Highly Accurate Protein Structure Prediction with AlphaFold

Concepts: attention | transformer | evoformer | protein-structure | self-supervised-learning Builds on: attention-is-all-you-need Leads to: —

There are about 200 million known protein sequences and roughly 100,000 experimentally solved structures. Every sequence encodes a shape. Every shape encodes a function. But going from sequence to shape has been one of biology’s hardest open problems for over 50 years — requiring months of X-ray crystallography or cryo-electron microscopy per protein. AlphaFold closes that gap. It predicts 3D protein structure from amino acid sequence alone, at atomic accuracy, in GPU minutes.

The problem

Proteins are chains of amino acids that fold into precise 3D shapes, and the shape is everything. A misfolded protein can cause Parkinson’s, Alzheimer’s, cystic fibrosis. A correctly folded one can be the target of a drug that cures an infection. For 50 years, the field knew the sequence determined the shape — Anfinsen’s thermodynamic hypothesis, Nobel Prize 1972 — but couldn’t compute it.

“Predicting the three-dimensional structure that a protein will adopt based solely on its amino acid sequence—the structure prediction component of the ‘protein folding problem’—has been an important open research problem for more than 50 years.”

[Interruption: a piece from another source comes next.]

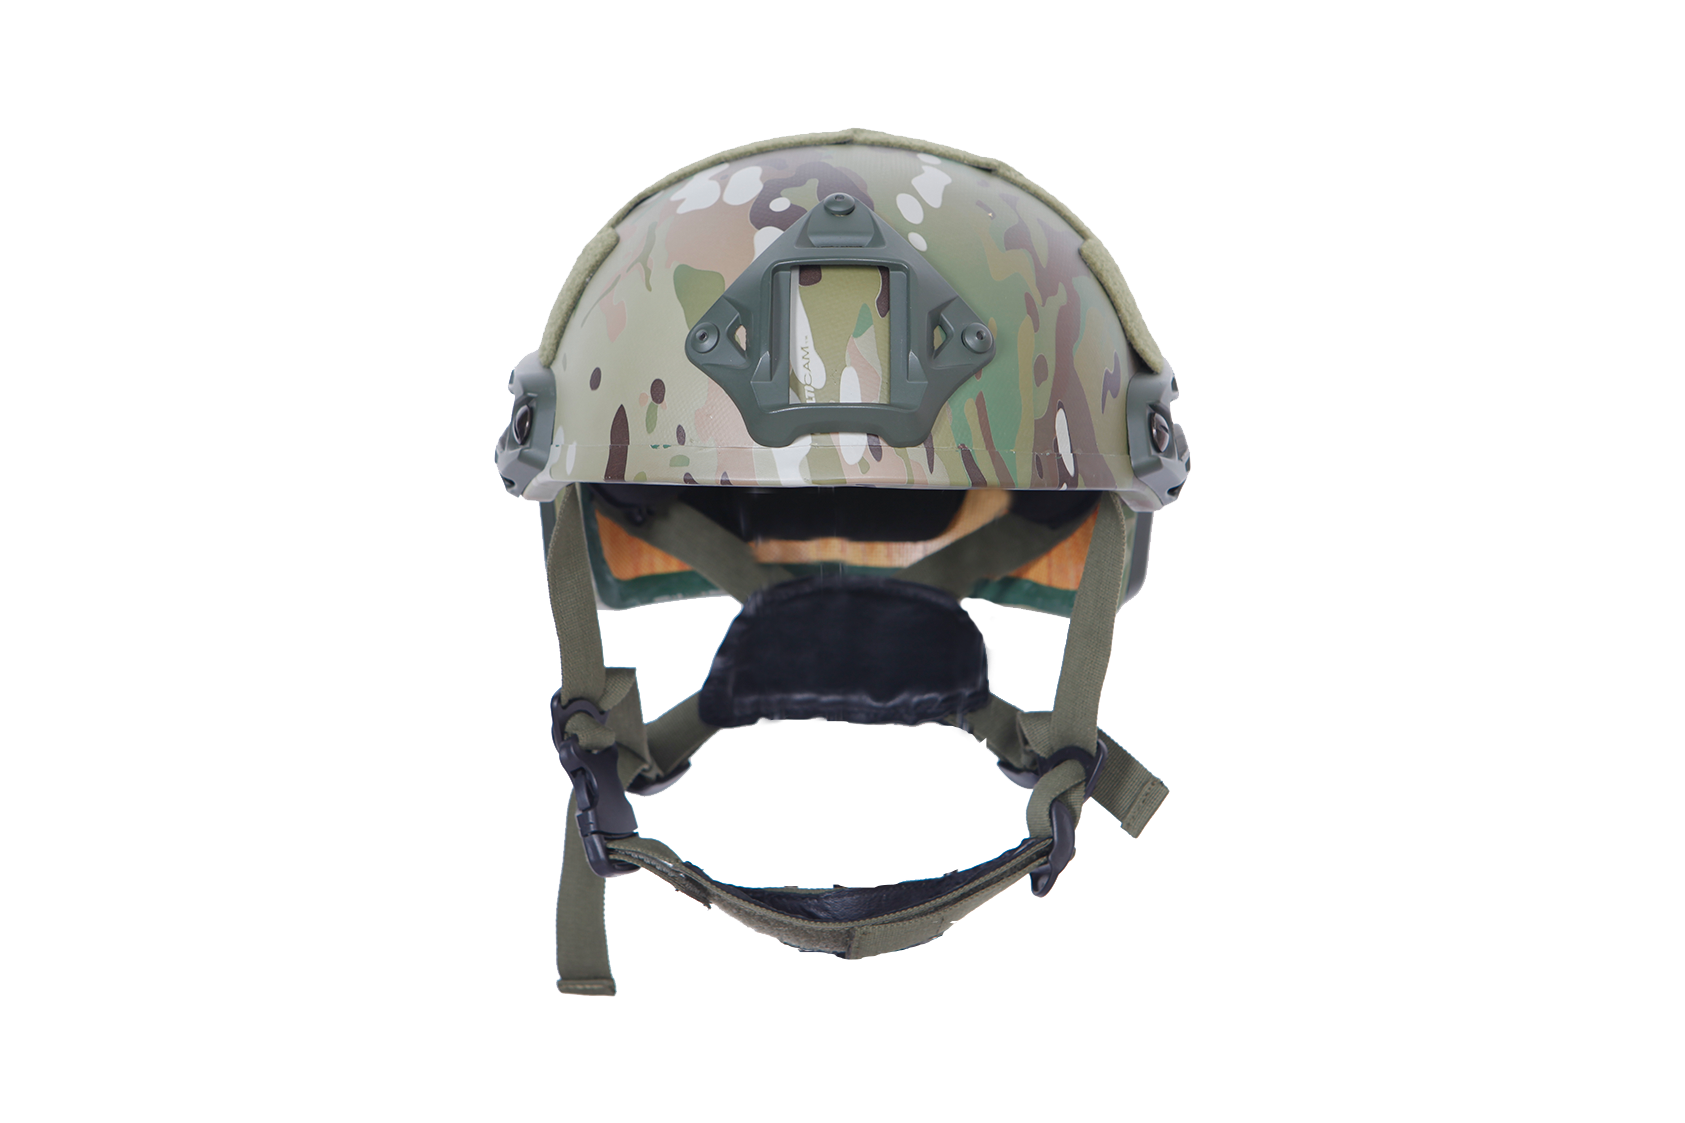 Fast Ballistic Helmet Kevlar Bulletproof Nij Lvl Iiia Painted Camouflage Color Camouflage Colors Camouflage Helmet

The challenge: a 100-residue protein has roughly $3^{100}$ possible backbone conformations if each residue can take 3 positions. Levinthal’s paradox — if a protein tried each conformation for 10 picoseconds, sampling all of them would take longer than the age of the universe. Real proteins fold in milliseconds. There’s a shortcut hidden in evolution. Finding it computationally is what AlphaFold does.

The core idea

The analogy: Imagine you’re trying to reconstruct the seating arrangement at a dinner party, but you weren’t there. You only have one clue: who tends to sit near whom across hundreds of past parties. If Alice always ends up near Bob and away from Carol, that’s a spatial constraint. Enough of these pairwise constraints, properly reasoned about, triangulate the full arrangement.

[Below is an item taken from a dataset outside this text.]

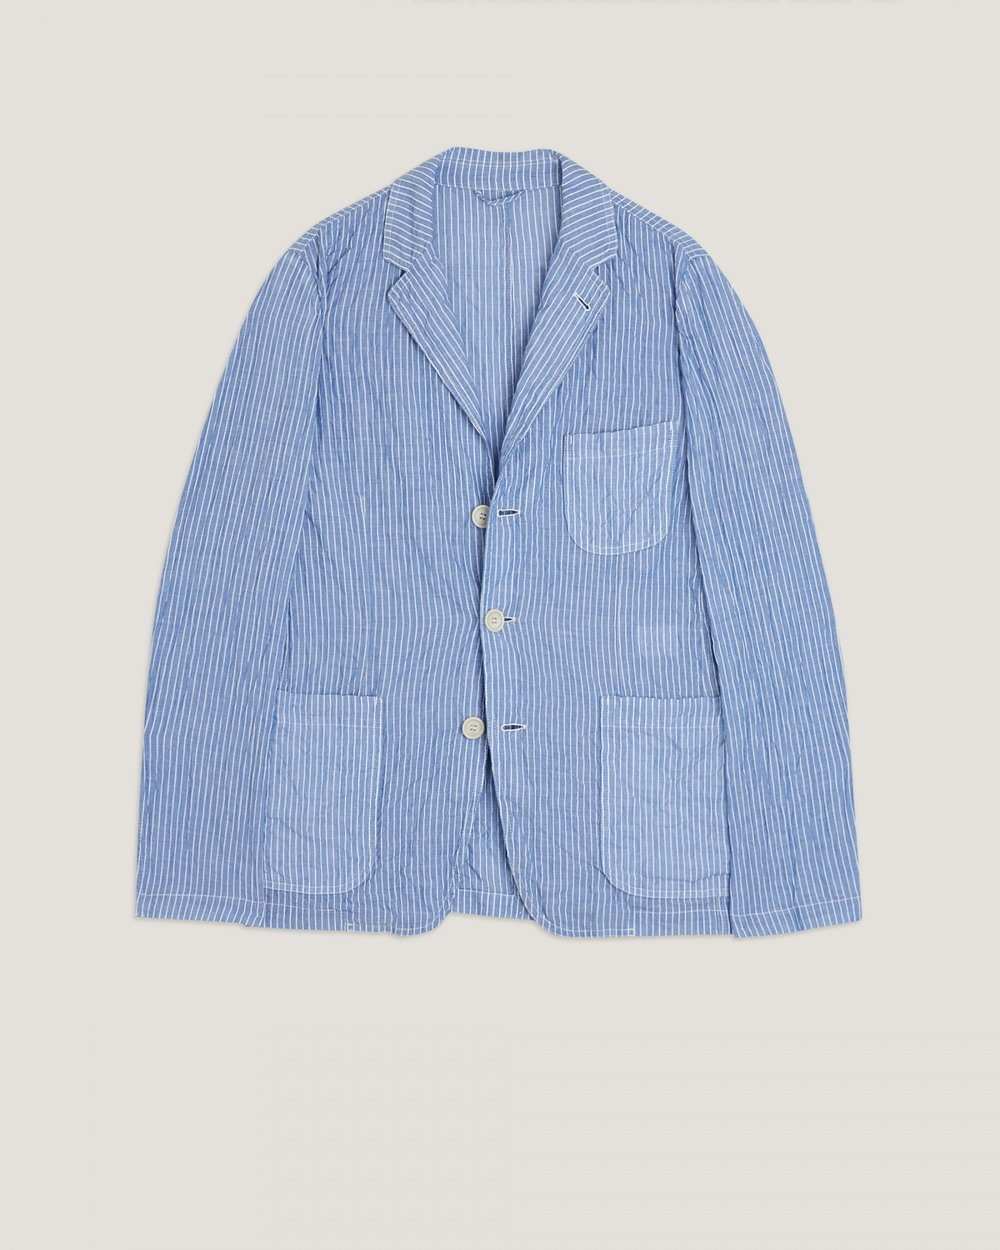 aspesi_samuraki_cotton_shirt_jacket_blue_stripe_1.jpg

That’s what AlphaFold does — but for biology. Proteins in the same family across different species evolve together. If residue 42 mutates (say, from alanine to valine), and residue 87 almost always also mutates to compensate, that’s evidence they’re physically touching in the folded structure. A mutation at one end must be matched by a mutation at the other end to keep the protein stable. These co-mutations, mined across millions of sequences in a multiple sequence alignment (MSA), are the spatial coordinates hiding in plain sight.

The key challenge: extract those constraints, enforce geometric consistency, and predict 3D coordinates. AlphaFold solves this with two stacked components — Evoformer and the Structure Module.

The mechanism, step by step

Input. For a target sequence of N residues, AlphaFold builds:

An MSA representation of shape (N_seq × N): rows are homologous sequences from across evolution, columns are residue positions. This encodes which residues co-evolve.
A pair representation of shape (N × N): for every pair of residues (i, j), a learned vector encoding their predicted spatial relationship.

Evoformer. 48 blocks, each updating both representations simultaneously. The key operations:

MSA row attention (within-sequence): for each sequence in the MSA, each residue attends to every other residue in that same sequence. The attention bias comes from the pair representation — so spatial constraints directly modulate sequence-level attention.
MSA column attention (across-sequence): for each residue position, attention runs across all sequences in the MSA. This is how the model aggregates evolutionary signal — “what do all homologues tell us about position 42?”
Outer product mean: the MSA representation updates the pair representation. For each pair (i, j), take the outer product of their MSA column representations and average over sequences. This continuously pushes evolutionary signal into the pairwise distance predictions.
Triangle updates: the pair representation gets updated with triangle-constrained operations. If (i, j) and (j, k) are known, then (i, k) is constrained by the triangle inequality. AlphaFold enforces this with triangle multiplicative updates and triangle self-attention.

“For a pairwise description of amino acids to be representable as a single 3D structure, many constraints must be satisfied including the triangle inequality on distances. On the basis of this intuition, we arrange the update operations on the pair representation in terms of triangles of edges involving three different nodes.”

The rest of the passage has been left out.